Adding an index specific to name completely eliminates this problem:
arvados_api_production=# create index "index_collections_on_name" on collections (name); CREATE INDEX arvados_api_production=# explain analyze SELECT collections."uuid", collections."owner_uuid", collections."created_at", collections."modified_by_client_uuid", collections."modified_by_user_uuid", collections."modified_at", collections."name", collections."description", collections."properties", collections."portable_data_hash", collections."replication_desired", collections."replication_confirmed", collections."replication_confirmed_at", collections."storage_classes_desired", collections."storage_classes_confirmed", collections."storage_classes_confirmed_at", collections."delete_at", collections."trash_at", collections."is_trashed" FROM "collections" WHERE (NOT EXISTS(SELECT 1 FROM materialized_permission_view WHERE trashed = 1 AND (collections.owner_uuid = target_uuid)) AND collections.is_trashed = false) AND ((collections.name = 'irods://seq/26250/26250_3#1.cram')) ORDER BY collections.modified_at desc, collections.uuid LIMIT 100 OFFSET 0; QUERY PLAN ----------------------------------------------------------------------------------------------------------------------------------------------------------- Limit (cost=6.09..6.09 rows=1 width=893) (actual time=0.065..0.065 rows=0 loops=1) -> Sort (cost=6.09..6.09 rows=1 width=893) (actual time=0.064..0.064 rows=0 loops=1) Sort Key: collections.modified_at DESC, collections.uuid Sort Method: quicksort Memory: 25kB -> Nested Loop Anti Join (cost=0.56..6.08 rows=1 width=893) (actual time=0.056..0.056 rows=0 loops=1) Join Filter: ((collections.owner_uuid)::text = (materialized_permission_view.target_uuid)::text) -> Index Scan using index_collections_on_name on collections (cost=0.56..4.58 rows=1 width=893) (actual time=0.055..0.055 rows=0 loops=1) Index Cond: ((name)::text = 'irods://seq/26250/26250_3#1.cram'::text) Filter: (NOT is_trashed) -> Materialize (cost=0.00..1.48 rows=1 width=28) (never executed) -> Seq Scan on materialized_permission_view (cost=0.00..1.48 rows=1 width=28) (never executed) Filter: (trashed = 1) Planning time: 4.513 ms Execution time: 0.131 ms (14 rows)

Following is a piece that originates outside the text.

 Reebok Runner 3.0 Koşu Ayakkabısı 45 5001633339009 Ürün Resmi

Adding this index makes a lookup by name 100000x faster in our real-world database.
Updated by Tom Morris about 6 years ago
- Target version deleted (
2018-10-31 sprint)
Updated by Brett Smith almost 2 years ago
- Related to Bug #13972: Listing collections by PDH and name can be very slow added
Updated by Peter Amstutz almost 2 years ago
- Release deleted (
60) - Target version set to Future
I feel like it is highly likely it was fixed but someone should double check.
Updated by Brett Smith almost 2 years ago
Peter Amstutz wrote in #note-5:
I feel like it is highly likely it was fixed but someone should double check.

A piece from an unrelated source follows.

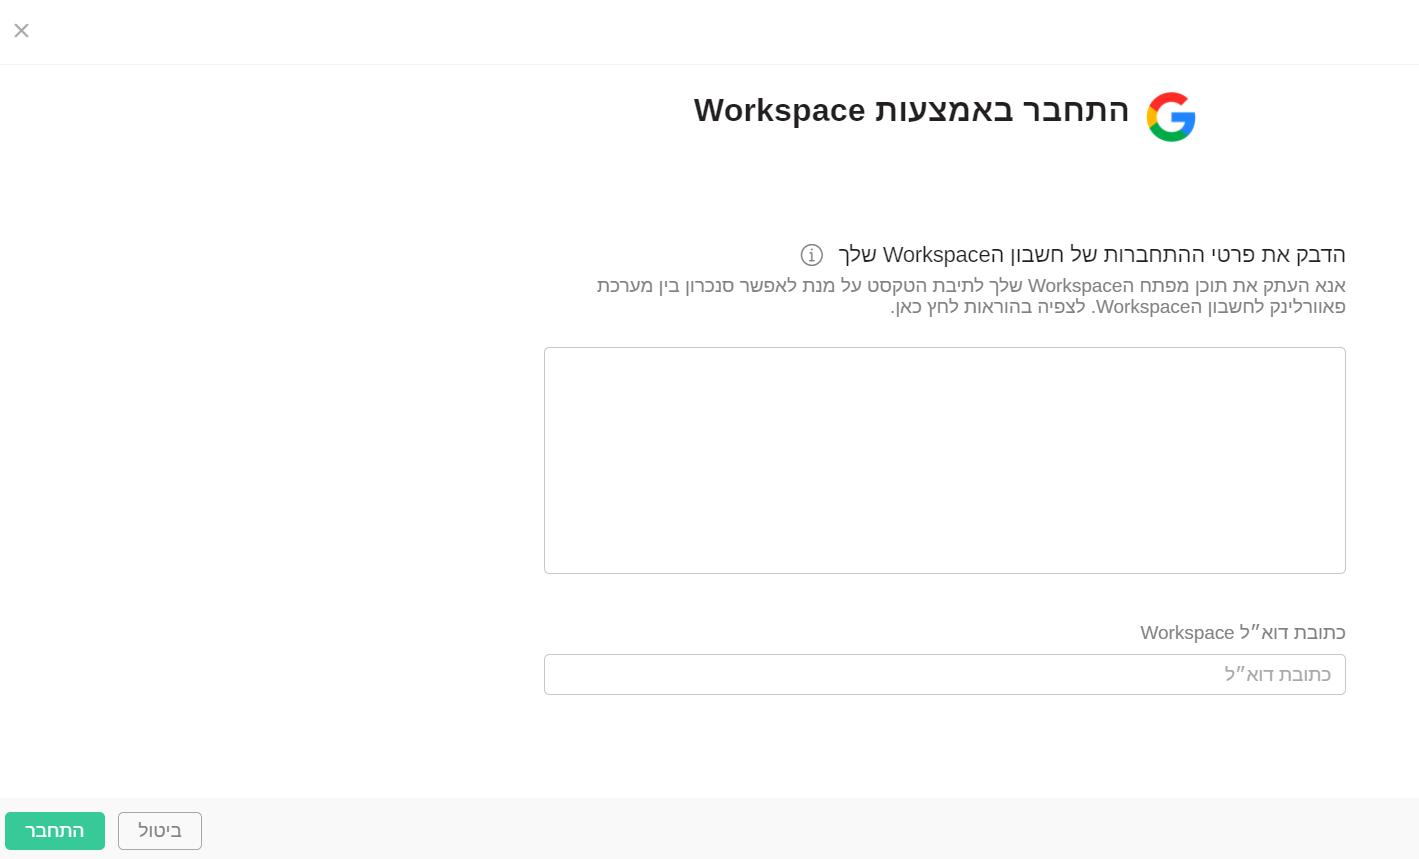 התחברות לתיבת דואל שיתופית באמצעות Workspace

We have an index on owner_uuid and name, created in 20180919001158_recreate_collection_unique_name_index.rb
as part of #13561, but we don't have an index on just name as suggested in this issue. But maybe it still meets the need? The reported search also checks owner_uuid.

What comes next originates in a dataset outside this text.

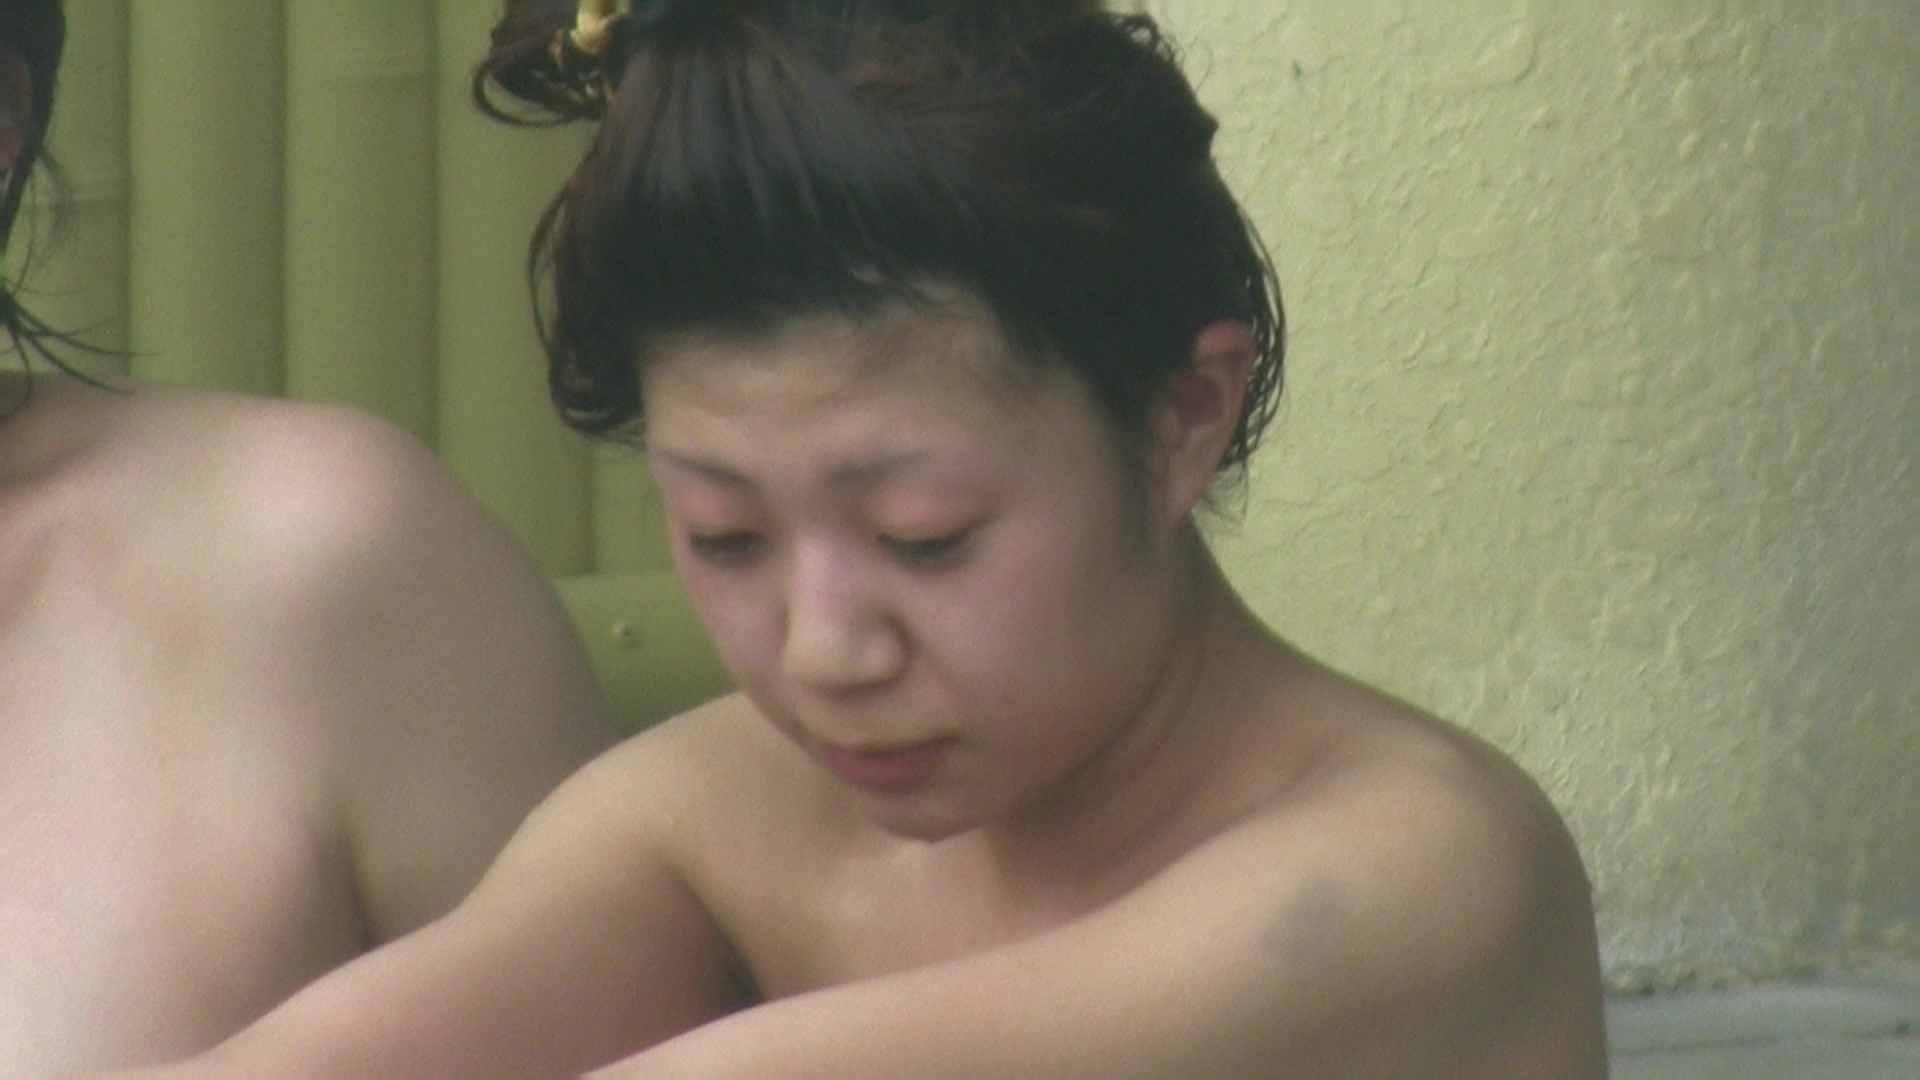 高画質露天女風呂観察 vol.044 入浴隠し撮り ヌード画像 91pic 46

Updated by Peter Amstutz almost 2 years ago
Brett Smith wrote in #note-6:
Peter Amstutz wrote in #note-5:
I feel like it is highly likely it was fixed but someone should double check.
We have an index on owner_uuid and name, created in
20180919001158_recreate_collection_unique_name_index.rb
as part of #13561, but we don't have an index on just name as suggested in this issue. But maybe it still meets the need? The reported search also checks owner_uuid.
I guess the issue here is that if the name doesn't exist at all, the query can terminate much faster. Instead, it is doing a full table scan for a name only to come up empty.
A separate standalone "name" index is probably not a bad idea.
Updated by Peter Amstutz over 1 year ago
- Story points changed from 0.5 to 1.0
- Target version changed from Future to To be scheduled
Should do this for both collections and projects.
Adding a simple index on 'name' is low risk.
Investigate if adding a trigram index makes sense so that 'like' and 'ilike' searches are also efficient.
Updated by Peter Amstutz over 1 year ago
- Target version changed from To be scheduled to Development 2023-04-26 sprint
Updated by Tom Clegg over 1 year ago
Peter Amstutz wrote in #note-9:
Investigate if adding a trigram index makes sense so that 'like' and 'ilike' searches are also efficient.
From https://www.postgresql.org/docs/current/pgtrgm.html
"These index types support the above-described similarity operators, and additionally support trigram-based index searches for LIKE, ILIKE, ~, ~* and = queries. Inequality operators are not supported. Note that those indexes may not be as efficient as regular B-tree indexes for equality operator."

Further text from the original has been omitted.